> **Input**
:::::
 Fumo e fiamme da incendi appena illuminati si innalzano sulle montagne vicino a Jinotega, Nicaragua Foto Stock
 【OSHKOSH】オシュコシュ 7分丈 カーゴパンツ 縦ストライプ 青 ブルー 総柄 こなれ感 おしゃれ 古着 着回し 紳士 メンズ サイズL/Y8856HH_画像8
:::::
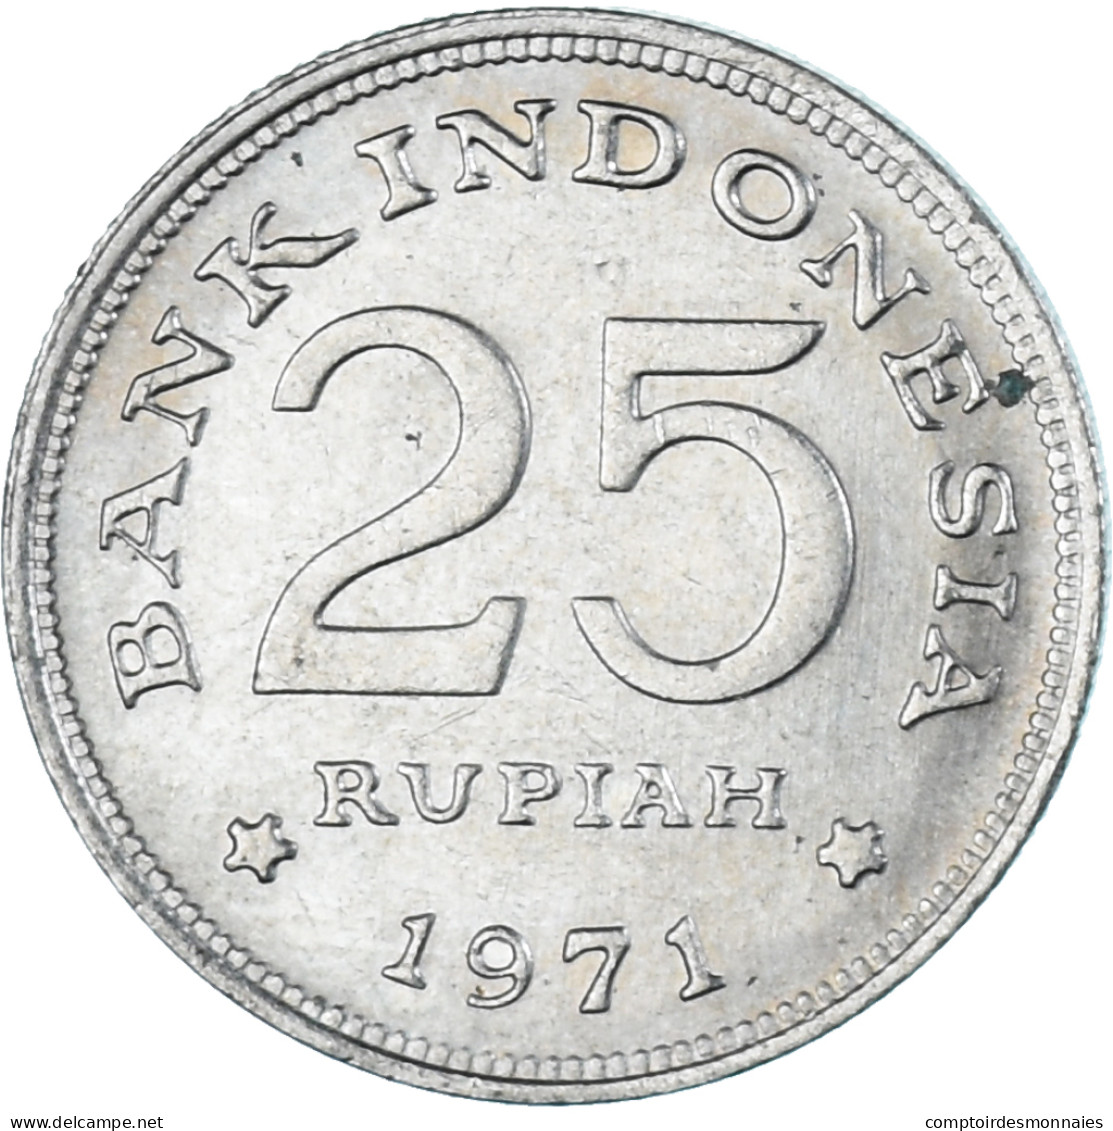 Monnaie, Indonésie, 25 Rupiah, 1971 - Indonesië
:::::
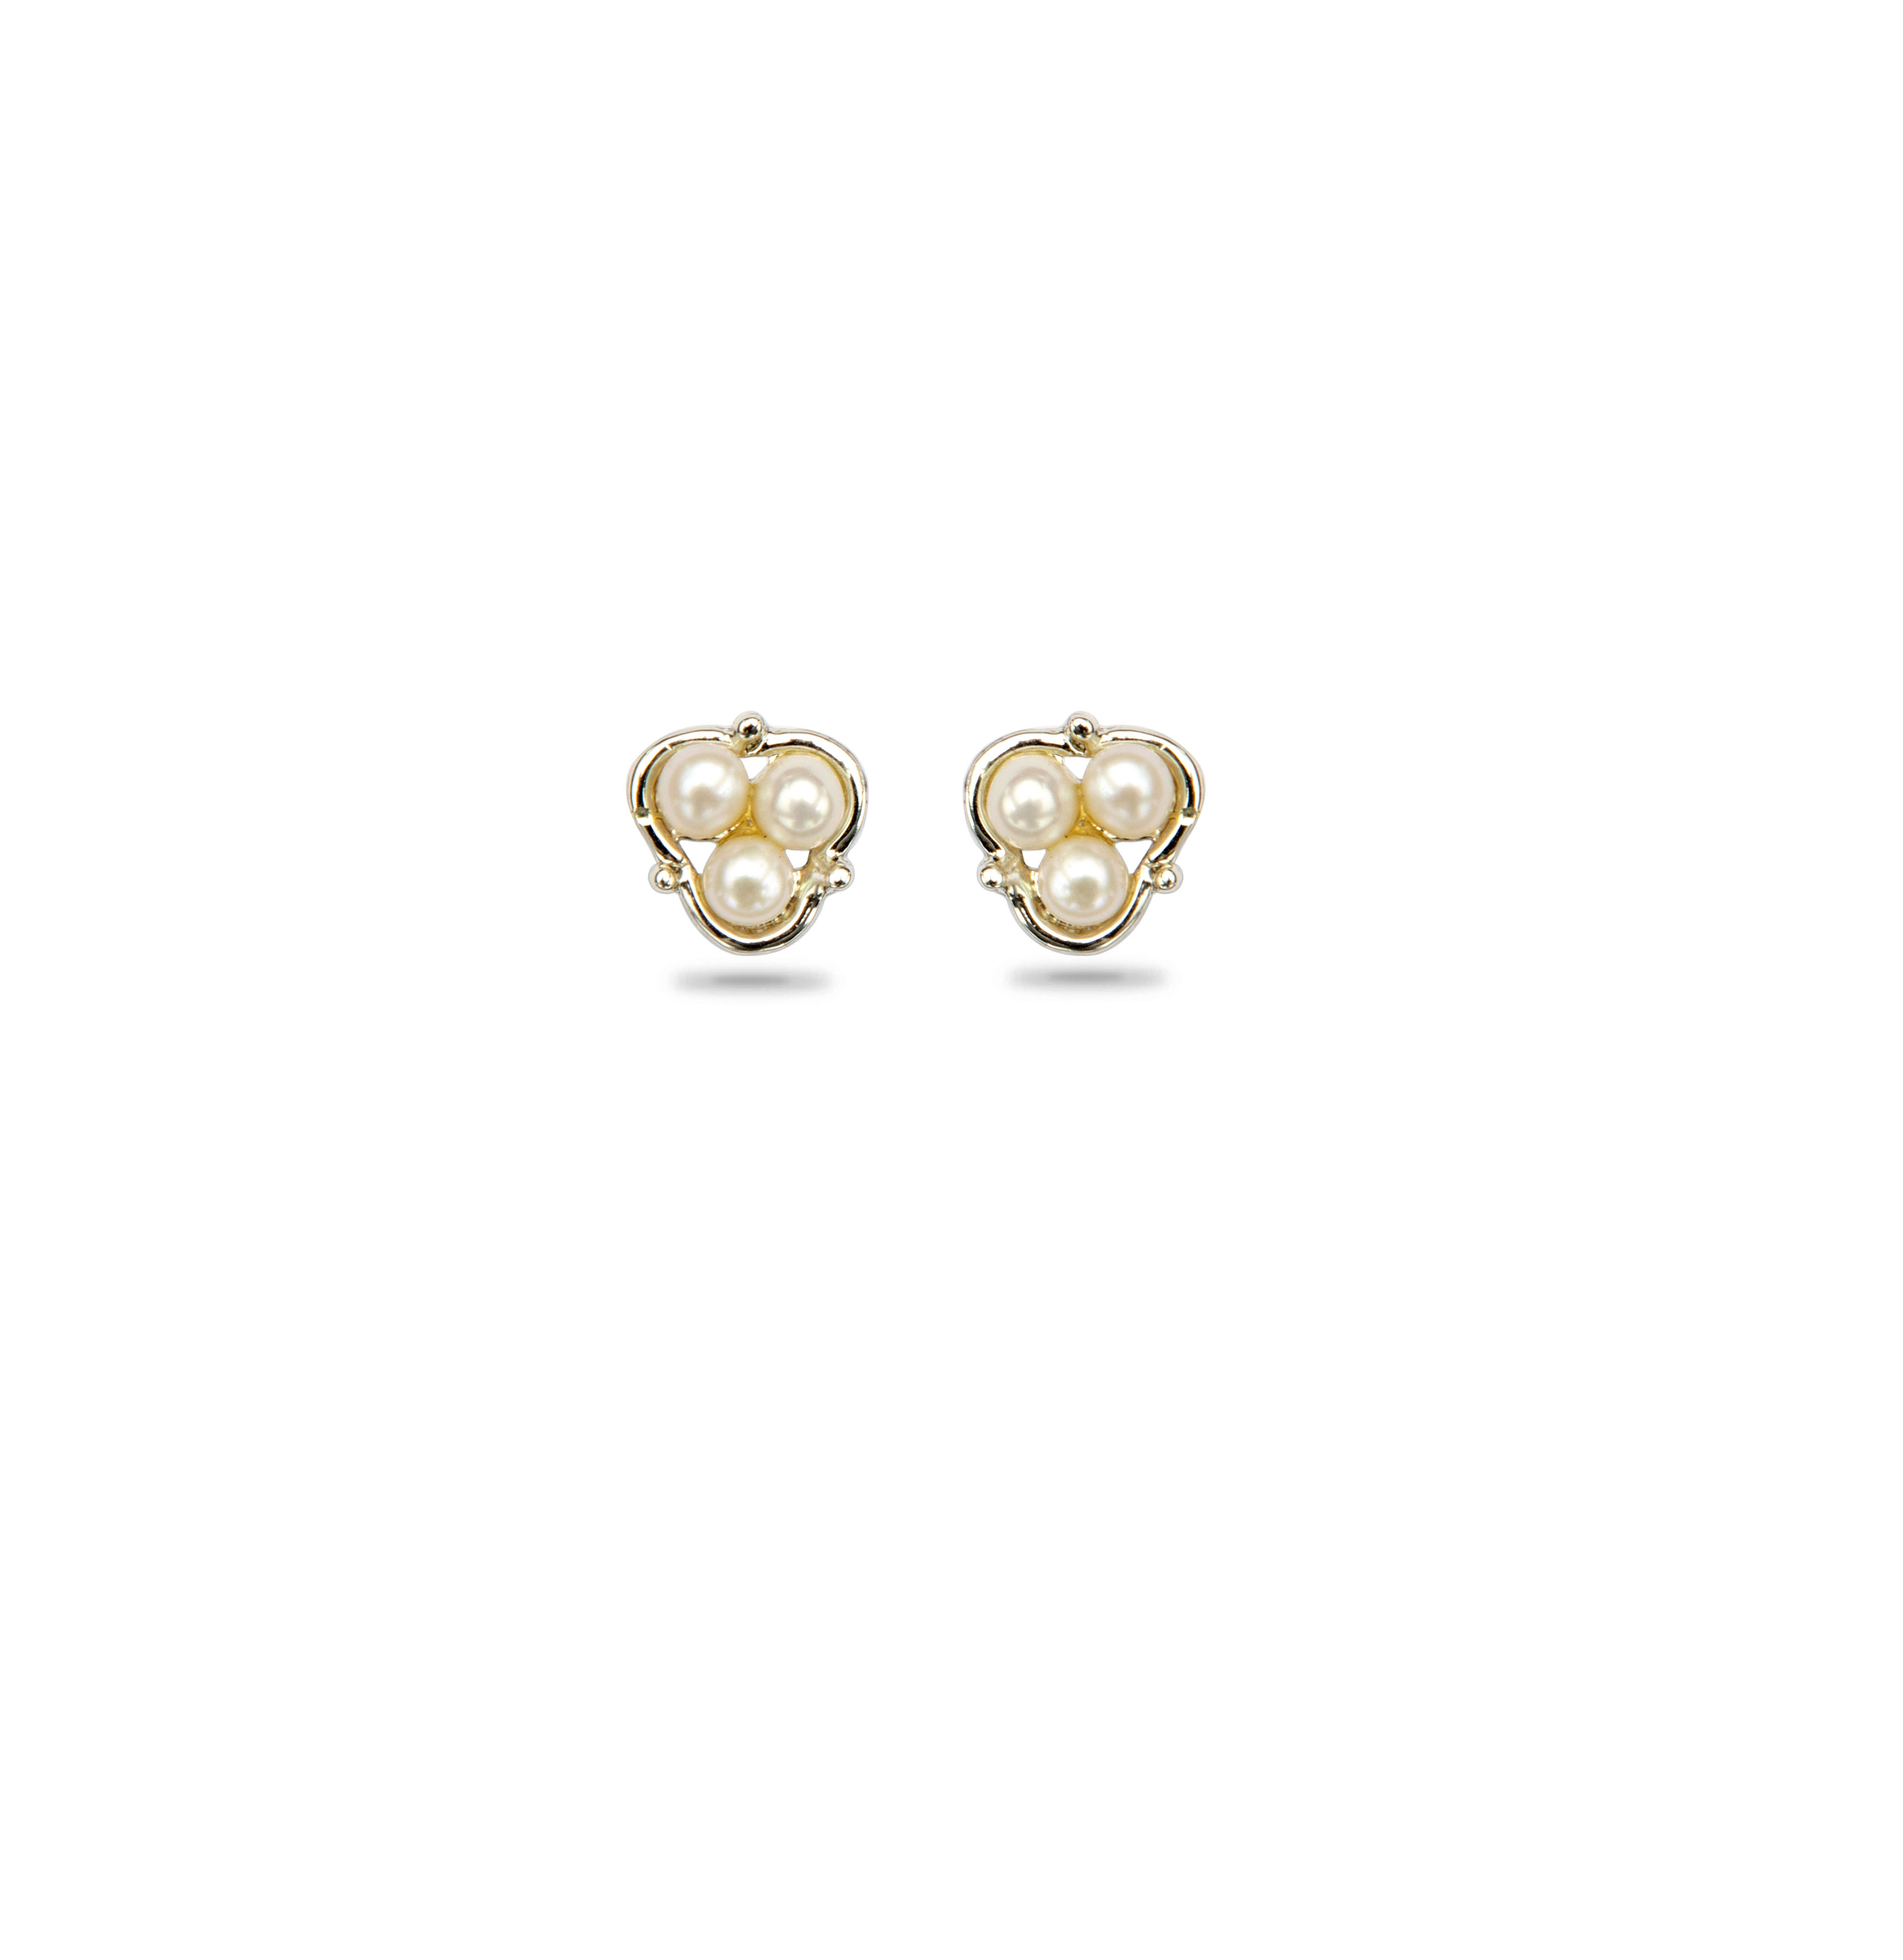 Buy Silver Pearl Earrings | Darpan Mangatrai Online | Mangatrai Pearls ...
:::::
> **Task instructions**
When you reach the line holding "Fumo e fiamme" in the records above, begin reproducing exactly, stop after the line holding "紳士 メンズ サイズL/Y8856HH_画像8", and output nothing else.

> **Task answer**
 Fumo e fiamme da incendi appena illuminati si innalzano sulle montagne vicino a Jinotega, Nicaragua Foto Stock
 【OSHKOSH】オシュコシュ 7分丈 カーゴパンツ 縦ストライプ 青 ブルー 総柄 こなれ感 おしゃれ 古着 着回し 紳士 メンズ サイズL/Y8856HH_画像8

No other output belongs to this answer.